In retrospect, concerns about Star Trek: Discovery’s fidelity to its source material feel a little silly. The series premiere opens with Klingon dialogue, Vulcans still do that tedious over-calculating thing and the Prime Directive gets its nod. Aside from major aesthetic alterations, Discovery is doctrinaire Star Trek. The flaws in Star Trek: Discovery don’t stem from an ignorance of Star Trek or its underlying humanist and liberal, open society precepts, but from plain old storytelling deficiencies.
Star Trek: Discovery, like the four Star Trek series before it, debuts with a narrative two-parter. And like so many Trek two-parters (TNG’s Season 5 “Unification” comes to mind), “The Vulcan Hello” and “Battle at the Binary Stars” delivers too little plot in too much time, holding viewers’ hands through pseudo-action sequences, desolate flashbacks and over-discussed decisions.
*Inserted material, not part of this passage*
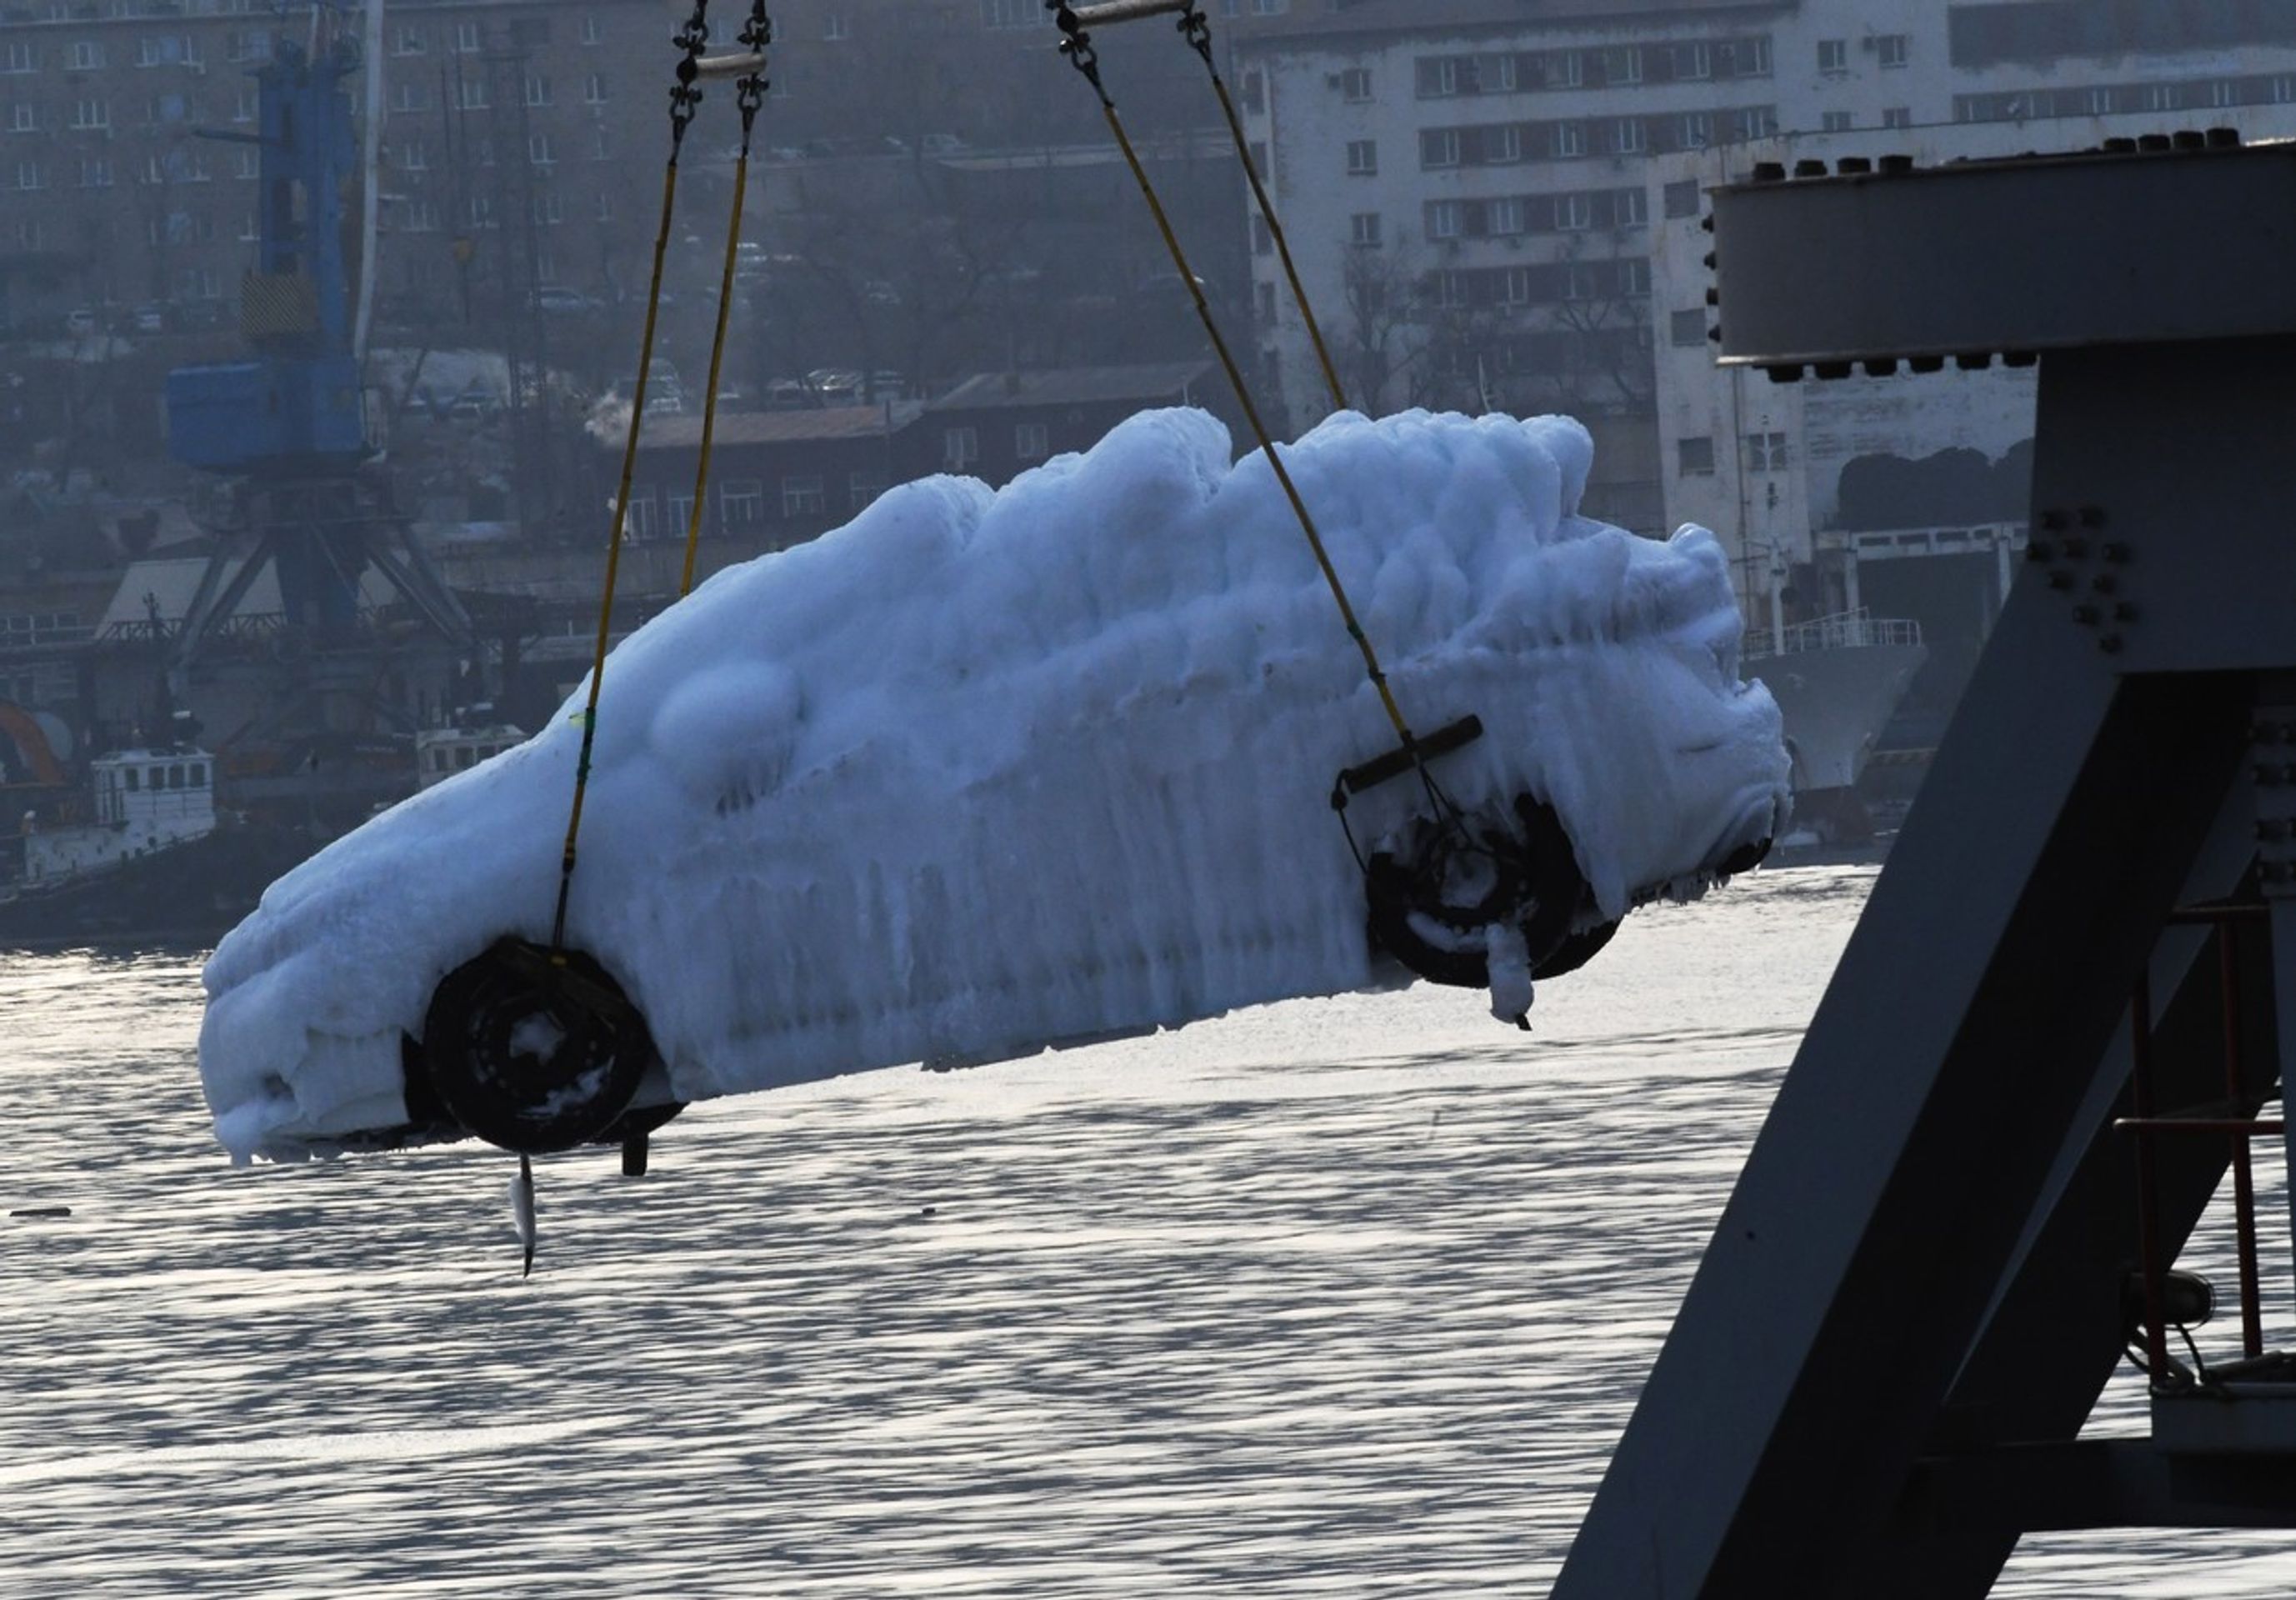 Nákladní loď Sun Rio s nákladem aut uvězněných v ledu - Nákladní loď Sun Rio s nákladem aut uvězněných v ledu (4/5)

Star Trek: Discovery opens as the fanatical T’Kuvma (Chris Obi) addresses his followers. Though the divided Klingon Empire faces no direct military threat from the United Federation of Planets, T’Kuvma understands the threat posed by their philosophy of inclusion. The combined power of the Humans, Vulcans, Tellarites and Andorians (the Federation’s four founding species) not only aggregate their strength, but make an implicit argument for a worldview counter to the Klingon honor culture. T’Kuvma sees a stark choice ahead: accept the subordination of their culture under a unified order, or fight. “Lock arms against those whose fatal greeting is ‘we come in peace,’” T’Kuvma says before provoking a war with the Federation, forcing the Klingon leaders to join him in his crusade against the future.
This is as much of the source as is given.